In this episode of Hospitals In Focus, we head to the front lines of COVID-19 fight with Dr. James Phillips. He is battling this pandemic daily in his roles as an emergency medicine physician at the George Washington University Hospital in Washington, DC, and Assistant Professor of Emergency Medicine at the GW school of Medicine and Health Sciences. Chip talks with Dr. Phillips about how coronavirus is effecting the ER of a major city; how he, his colleagues, and the hospital are preparing for a surge of patients; plus — what you can do to stay healthy.

Chip Kahn (00:11):
Hello and welcome to Hospitals in Focus. I’m your host Chip Kahn. Today we’re going to take you to the front lines of the COVID-19 battlefield with one of the emergency room physicians from the George Washington University Hospital here in Washington DC. He will describe what it’s like to be in an ER in a major city in the middle of the coronavirus pandemic. Our guest, Dr. James Phillips is also an Assistant Professor of Emergency Medicine at the GW School of Medicine and Health Sciences. You may recognize his voice because you’ve likely heard or seen him on CNN where he is a contributor on their COVID coverage. We are honored that he is joining us. Dr. Phillips, thanks so much for being here today.

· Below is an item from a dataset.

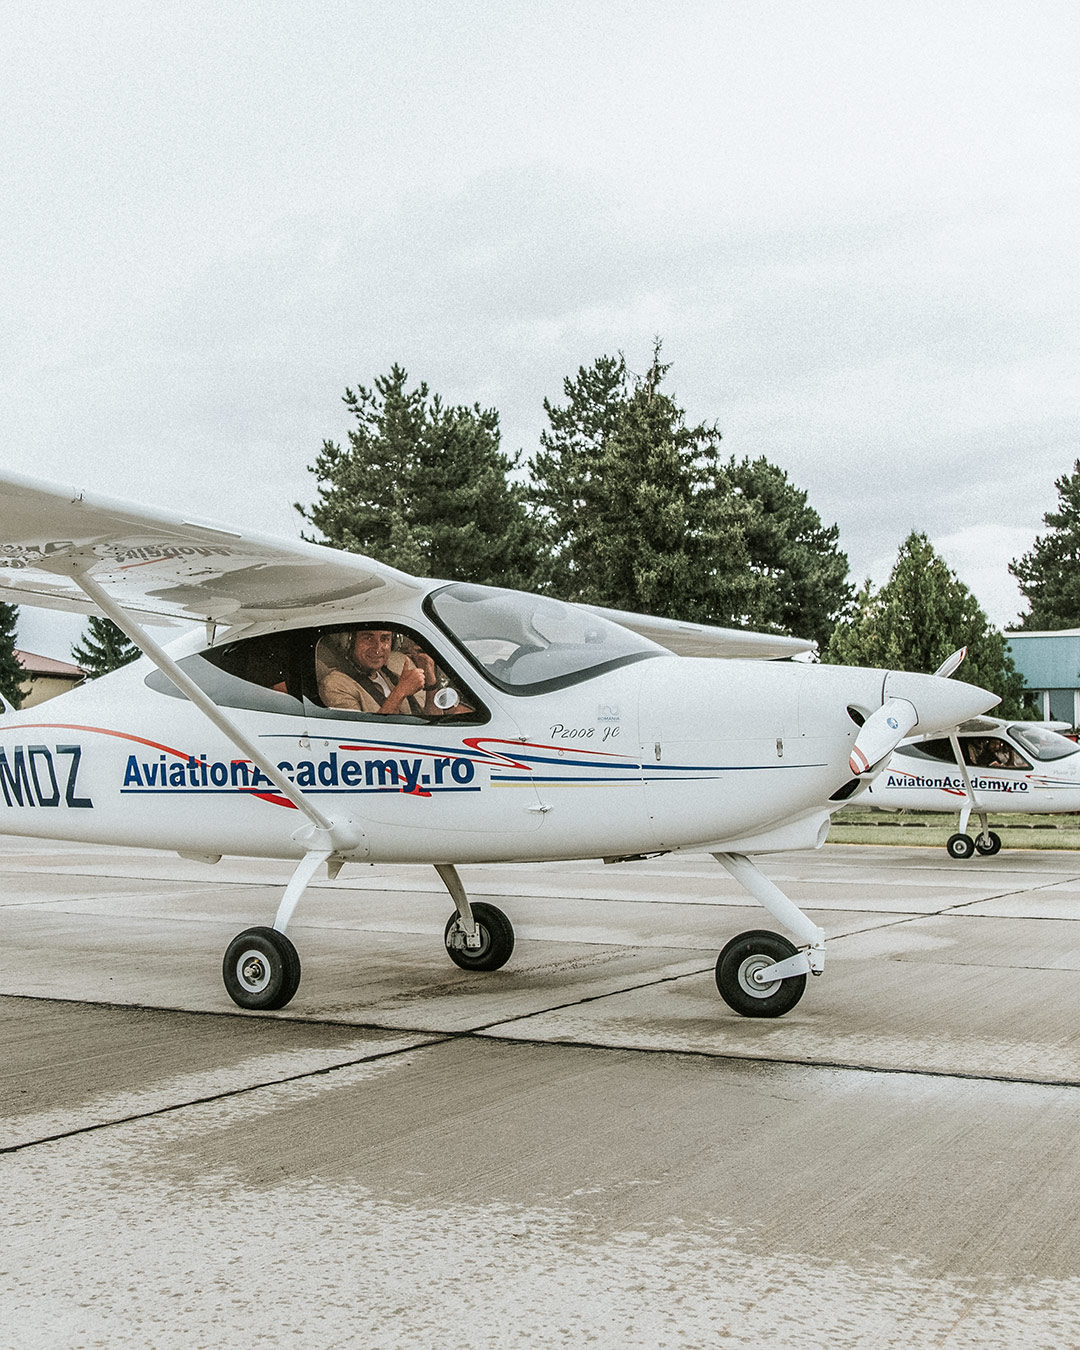 jurca-avion-2

Dr. James Phillips (00:59):
Thanks a lot for having me. I appreciate the opportunity.

Chip Kahn (01:02):
There’s so many ways we could start this interview. You’re in the front lines of an unprecedented human event, human tragedy, and you see it on the ground in a very personal way. What does your average day at GW look like now?

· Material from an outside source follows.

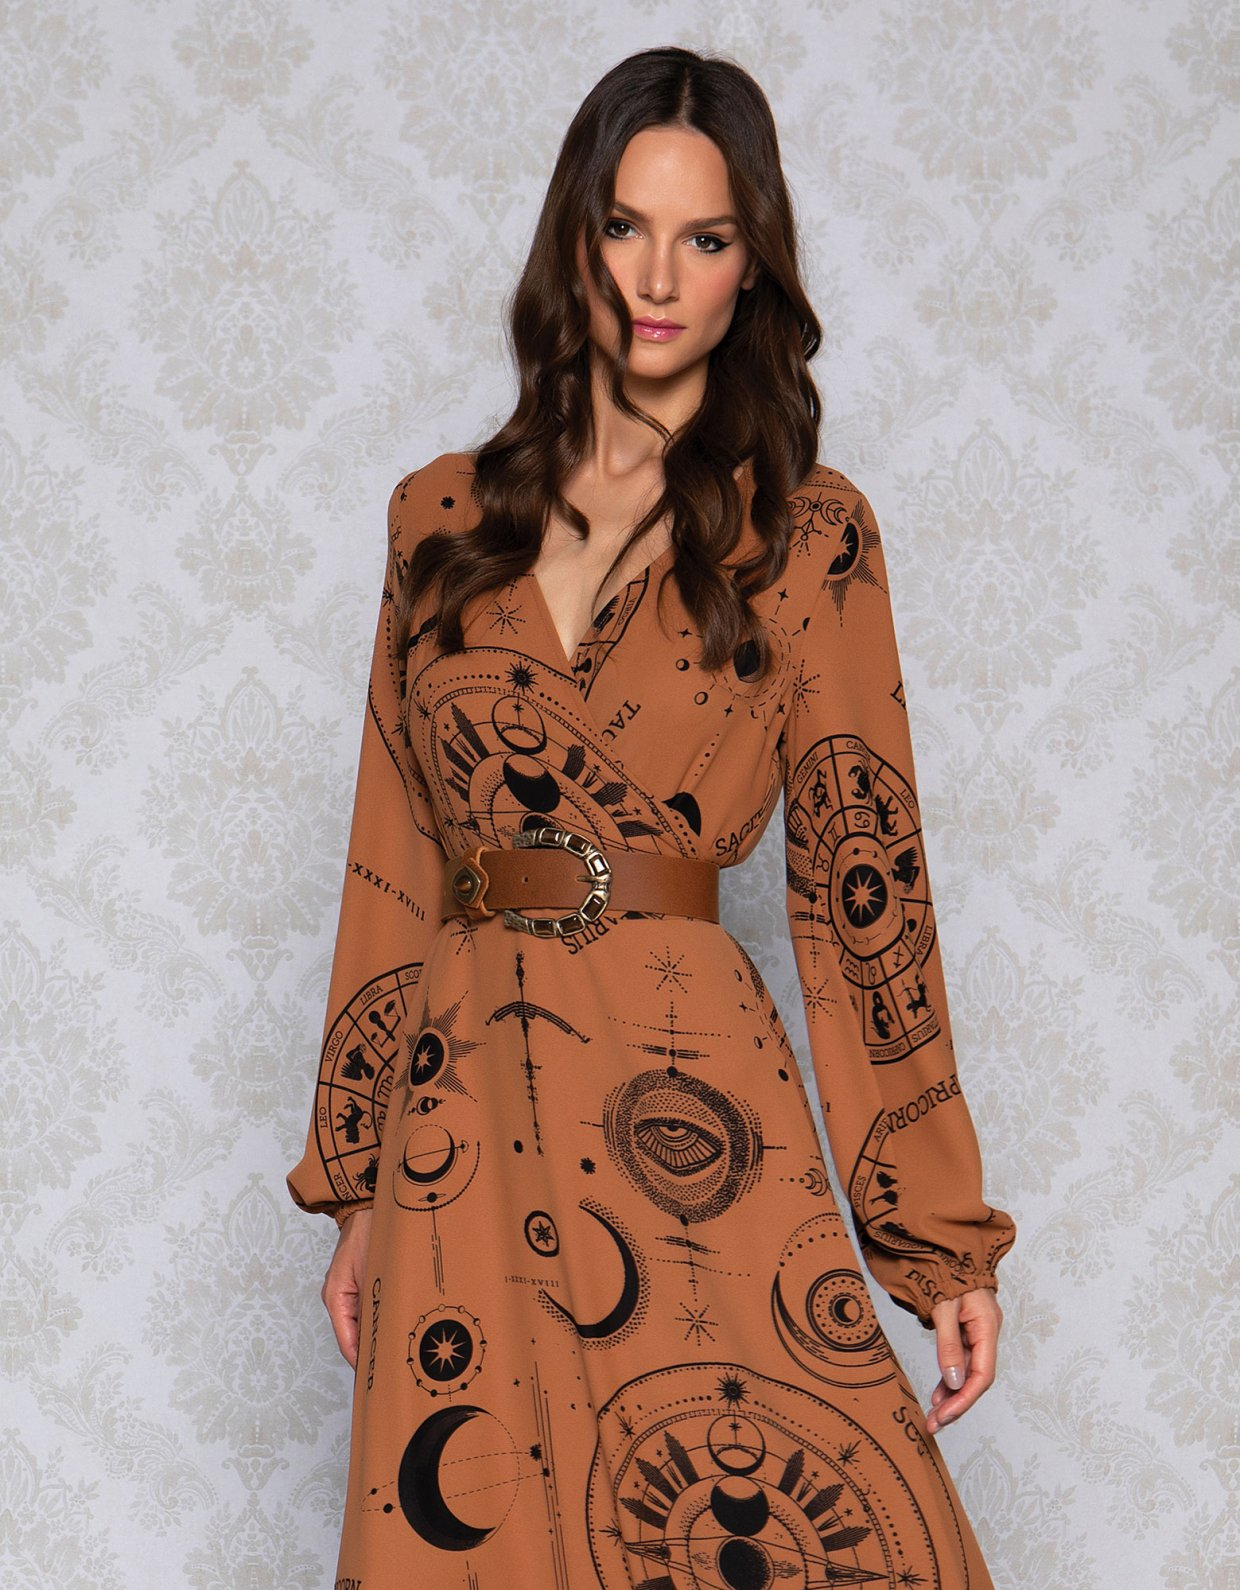 Peace & Chaos La luna wrap maxi dress

Dr. James Phillips (01:19):
It’s interesting what’s happening across the country because I think that there’s a general belief that everywhere in the country right now is New York City. And it’s actually not the case. My heart goes out to New York City, New Jersey and some of the other cities like Chicago and New Orleans and even Detroit, where they’re starting to see an enormous number of cases right now. For most of the country, it’s actually probably a little bit slower than usual, including in Washington DC, because we are still waiting for our upslope on that curve.

At GW, where I primarily work, and also at Walter Reed National Memorial Medical Center where I also work in Bethesda, Maryland, we’re actually seeing a slight decrease in our total number of patients that we’re seeing every day. And the reason for that is because people are listening to the message and they’re staying home unless it’s absolutely necessary for them to come out.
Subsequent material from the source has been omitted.